I am using a 3rd party logging service (LogDNA) to centralise my server logs, but the agent installed on the server is actually causing the generation of additional and unnecessary logs.
My audit policy includes the line:
-w /var/log/audit -p rwxa -k auditlog
which monitors for any activity on any files in the /var/log/audit directory. The agent reads the files approximately once every second, causing 4 lines to be written to the log:
type=SYSCALL msg=audit(1571391173.197:314775): arch=c000003e syscall=257 success=yes exit=13 a0=ffffff9c a1=3453780 a2=80000 a3=0 items=1 ppid=1 pid=16253 auid=4294967295 uid=0 gid=0 euid=0 suid=0 fsuid=0 egid=0 sgid=0 fsgid=0 tty=(none) ses=4294967295 comm="logdna-agent" exe="/usr/bin/logdna-agent" key="auditlog"
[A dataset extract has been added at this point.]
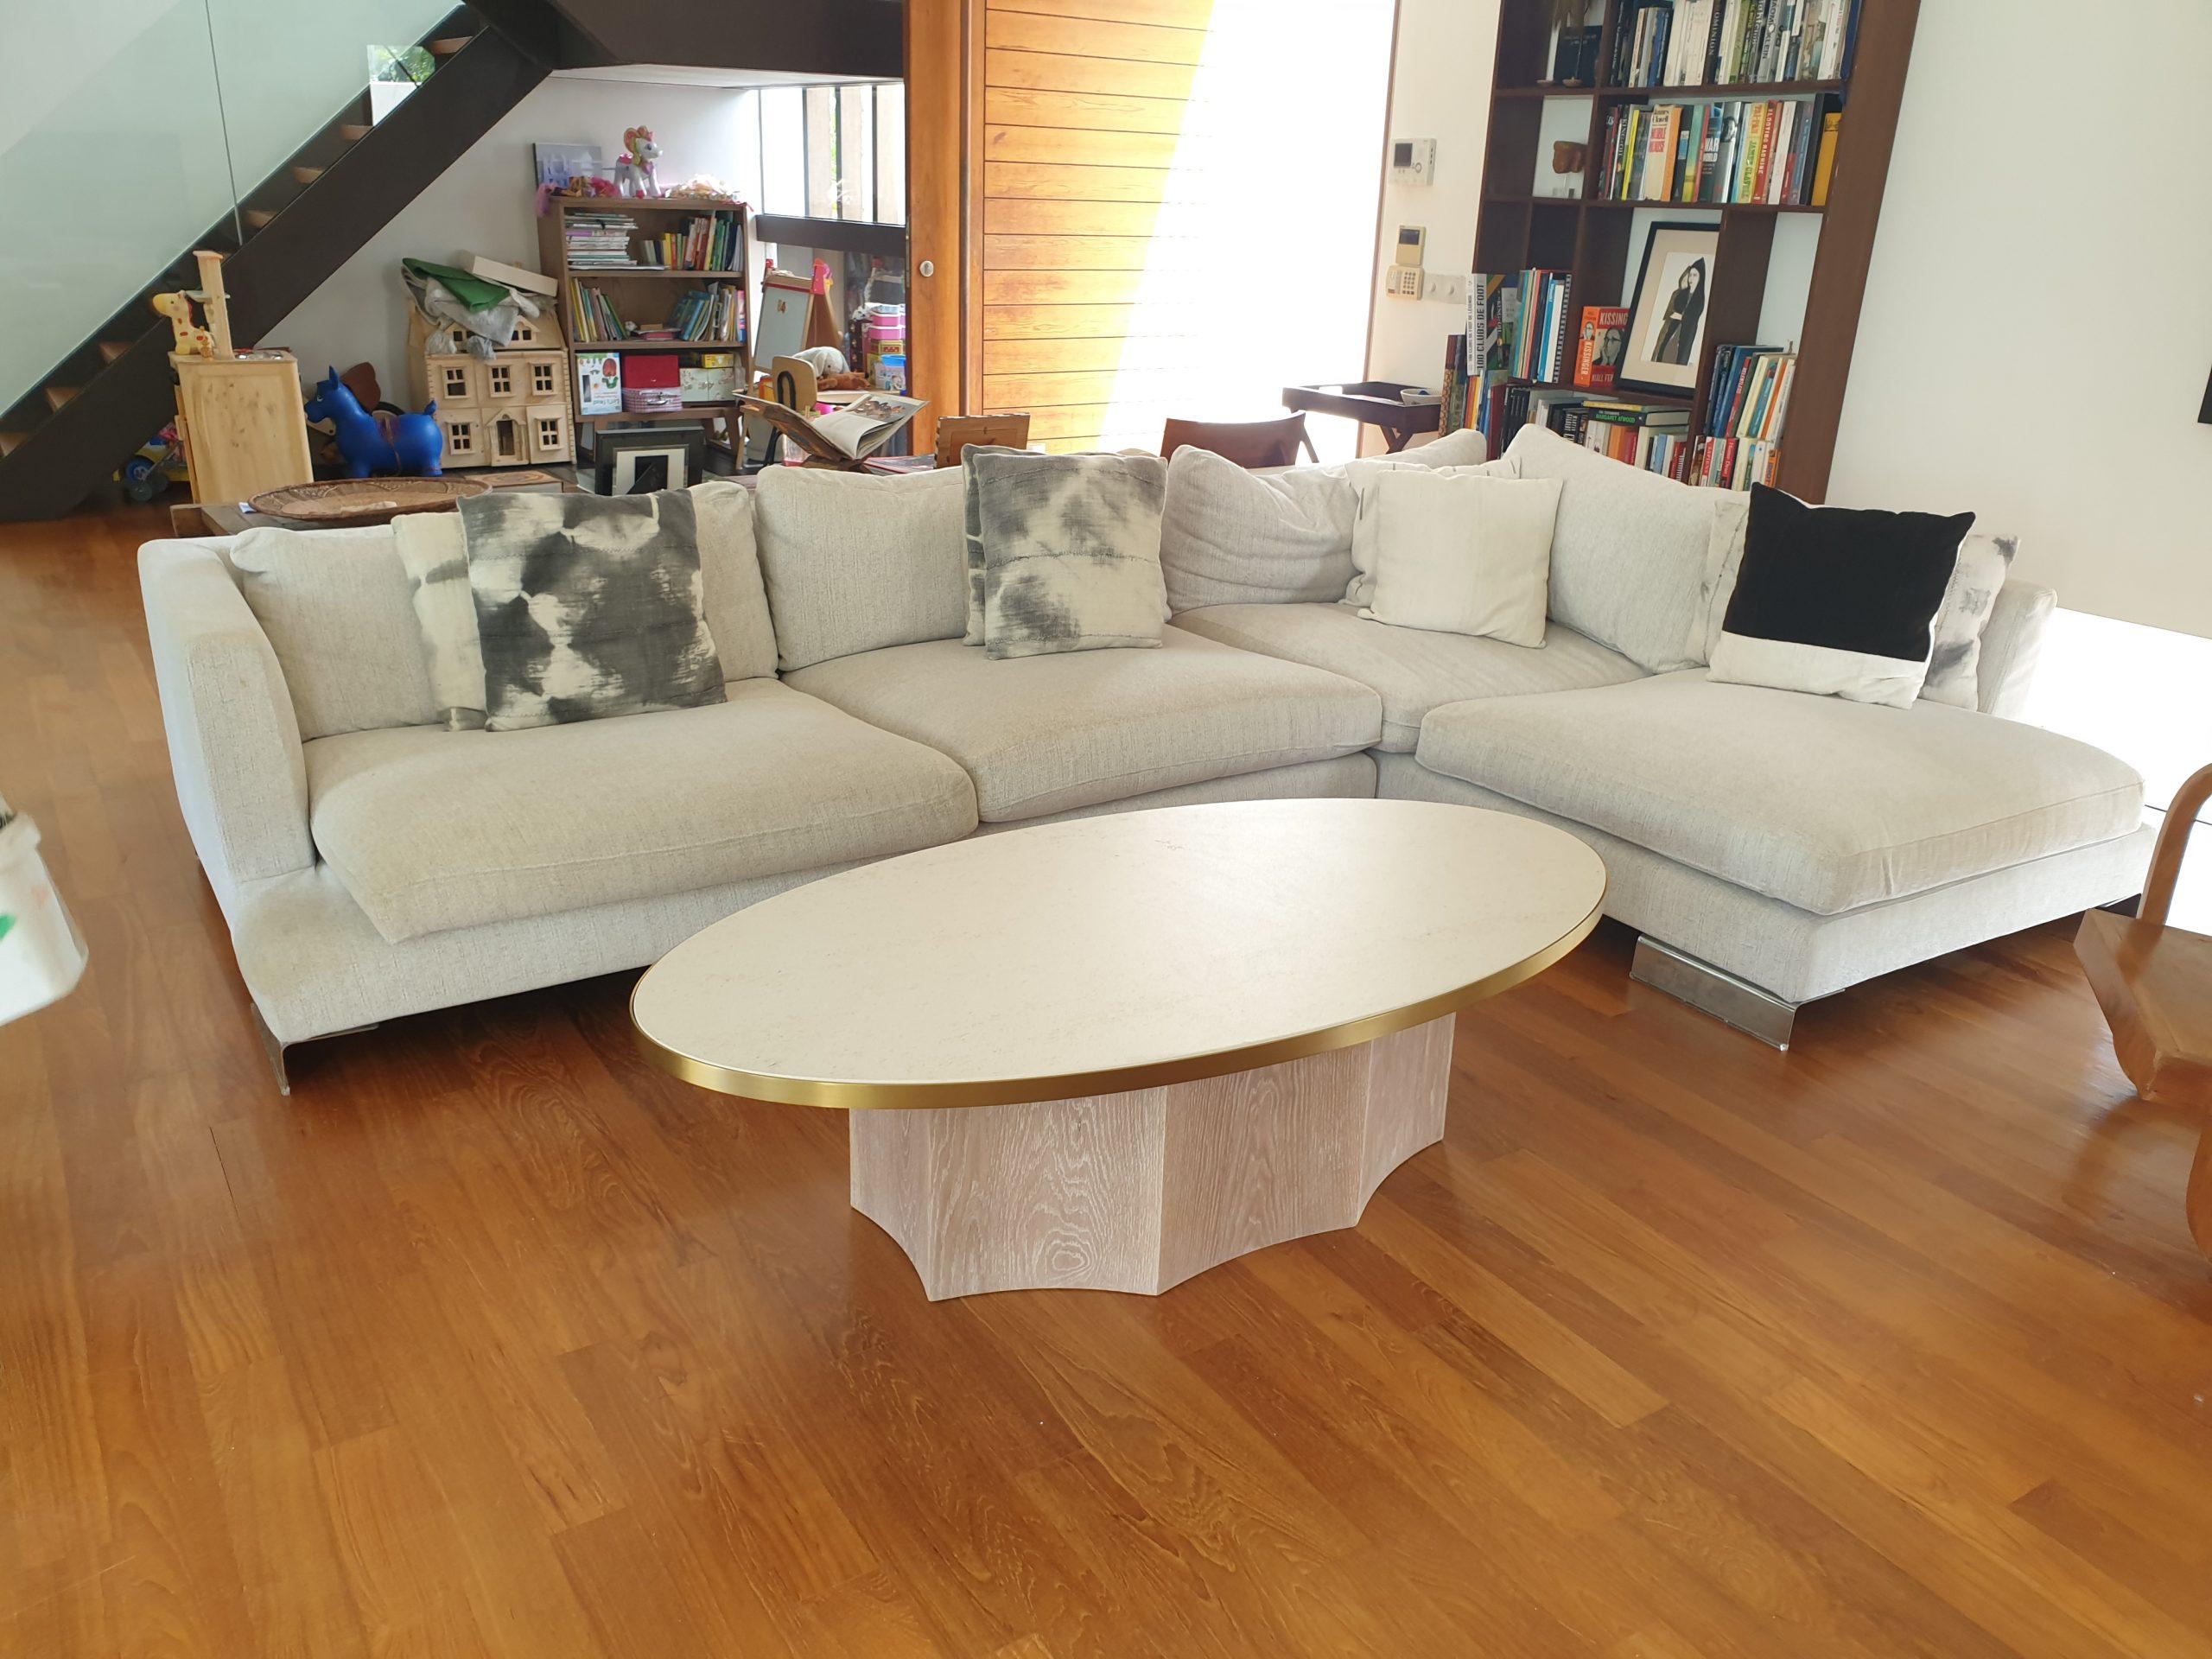 Ocho Coffee Table 1450L x 750W x 400H, Dekton, Danae, Oak, White wash, SS, Gold

type=CWD msg=audit(1571391173.197:314775): cwd="/"
type=PATH msg=audit(1571391173.197:314775): item=0 name="/var/log/audit/audit.log" inode=49 dev=07:03 mode=0100640 ouid=0 ogid=4 rdev=00:00 nametype=NORMAL cap_fp=0000000000000000 cap_fi=0000000000000000 cap_fe=0 cap_fver=0
type=PROCTITLE msg=audit(1571391173.197:314775): proctitle="logdna-agent"
This drastically increases the volume of logs per server that I am ingesting, with obvious added cost.
The question is, can I specify in the audit policy to ignore reads from a specific process?
I am running Ubuntu 18.04.
NB. LogDNA does offer filtering on its side, but realistically this could only be done for the 2 lines which specify log-dna.